Keziah Ridgeway and Dana Carter
Keziah Ridgeway, teacher at Northeast High School (left) and Dana Carter, La Salle University professor and policy advisor at the Melanated Educators Collective. (Kimberly Paynter/WHYY)

“Hearing those stories, I think all of us that were Black or teachers of color … we were angry. We just knew that it was time to make our voices heard,” Ridgeway told WHYY. “Teachers make their voices heard in classrooms, and now we’re gonna bring it to the streets.”

MEC and RJOC recently issued a list of 10 demands for the school district that calls for school-based racial and bias training, funding of restorative justice and trauma response practices in schools, and equitable hiring practices of Black teachers, among other reforms. More than 200 individuals and organizations have signed on to a statement of support for the 10 demands.

Philadelphia Home and School Council President Shakeda Gaines, Central High School student Mariame Sisoke and City Councilmember Kendra Brooks were among those who spoke to the crowd of several hundred people.

“We have to fight for restorative justice in our schools in place of police,” Brooks said, speaking to the push to remove police officers from security positions inside schools.

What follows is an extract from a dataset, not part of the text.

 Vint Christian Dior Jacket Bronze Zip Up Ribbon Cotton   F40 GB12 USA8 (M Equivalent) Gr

Data shows that schools with police are more likely to refer children to law enforcement, including for non-serious violent behaviors. In 43 states and the District of Columbia, Black students are more likely to be arrested than other students while at school, according to an analysis by the Education Week Research Center.

Sheyla Street
Sheyla Street, a junior at Central High School, talks about experiences she’s had with racist staff at Philadelphia schools over the years. (Kimberly Paynter/WHYY)

Students joined teachers in voicing their concerns over racial equity. Youma Diabira, a student at Central High School, spoke to the need for culturally responsive curriculums in Philly schools.

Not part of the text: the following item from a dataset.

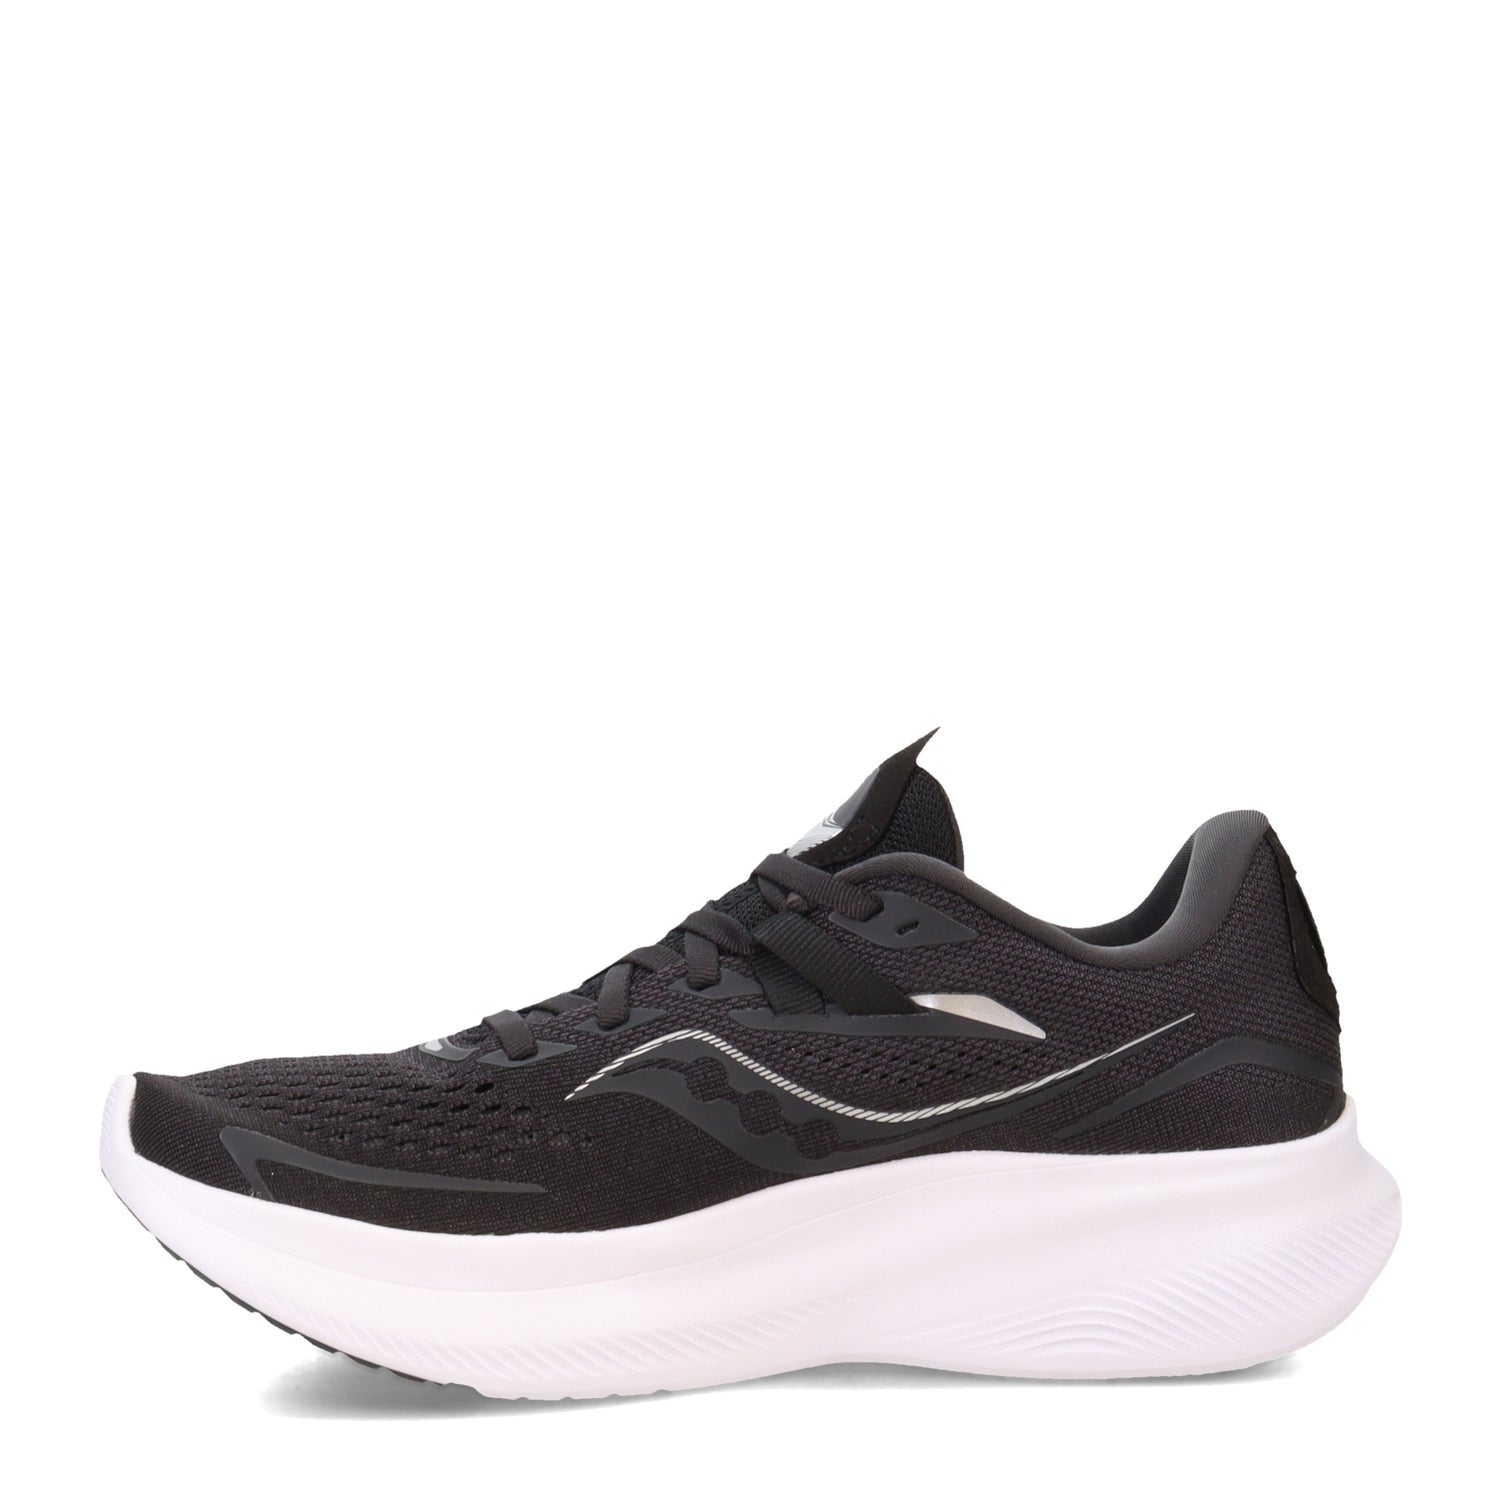 Peltz Shoes  Women's Saucony Ride 15 Sneaker BLACK WHITE S10729-05

“Expand the curriculum,” Diabira said. “Black students deserve to read black books by Black authors.”

Central High student Sheyla Street spoke about the critical need in the Philadelphia School District for an official process for reporting violations relating to race and discrimination.

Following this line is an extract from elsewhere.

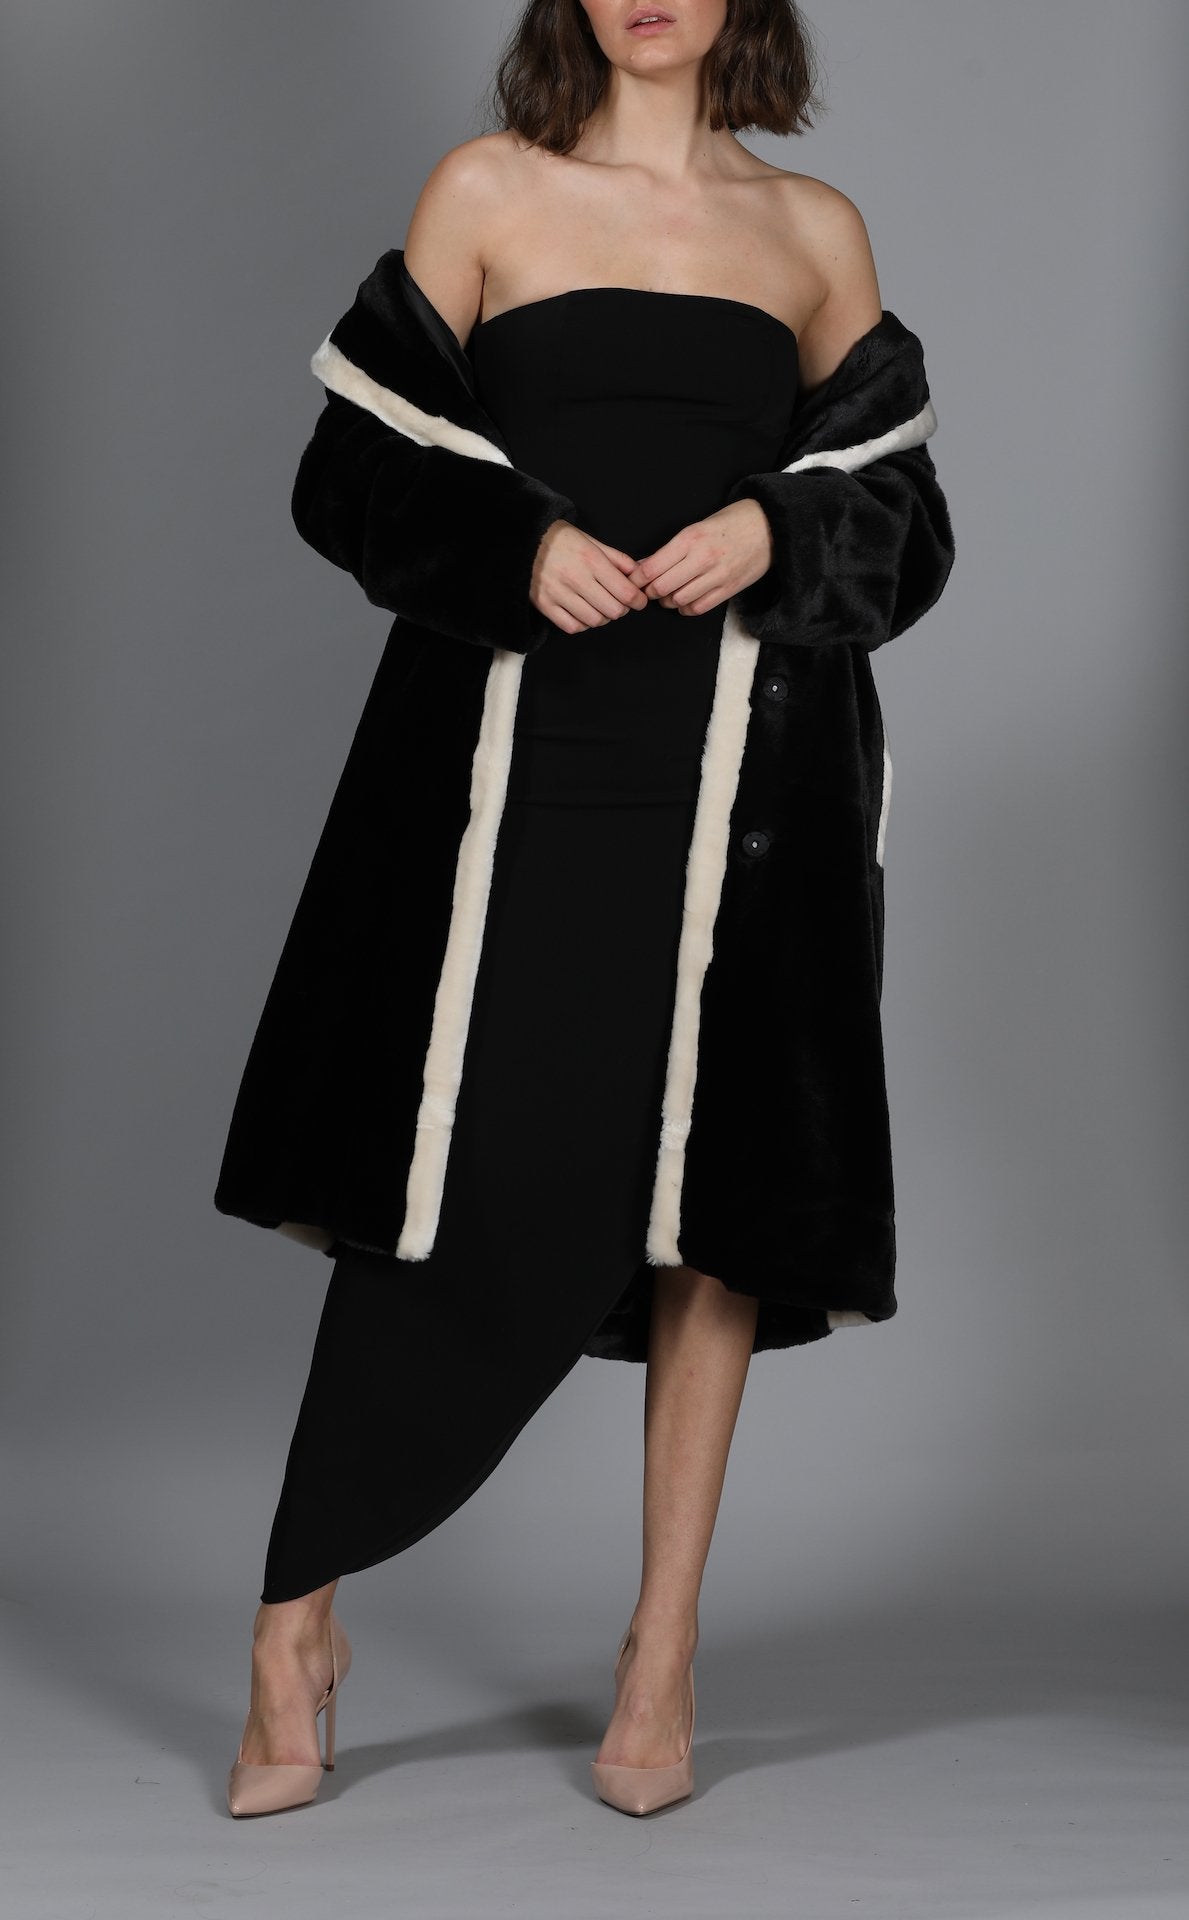 Marianne Two Tone Faux Fur Coat

“How can Black teachers be there for Black students if they can’t speak up about racial injustices in their schools?” Street asked. “We demand for a process that protects students and staff that report violations of racism and discrimination.”

Of the march organizers’ demand that the school district institute antiracist training for all Philadelphia teachers and school staff, Central student Mariame Sisoke said, “This training must be ongoing and a regular process of professional and personal development.”

Andrea Caison and Amy Pittman, both public middle school teachers in Philadelphia, said they joined the march to advocate for the disproportionate number of Black students in special education.

“We need policymakers and educators to acknowledge that race matters,” Pittman said.

Caison added, “I believe that if we are really going to teach children the harms of racism, then we need to teach how to be anti-racist and it needs to start in the classroom, and the history books, and the literacy … all of that needs to be inclusive. Children need to see people who look like them and understand the contributions that people who look like them made to our history, instead of erasing it in our history books.”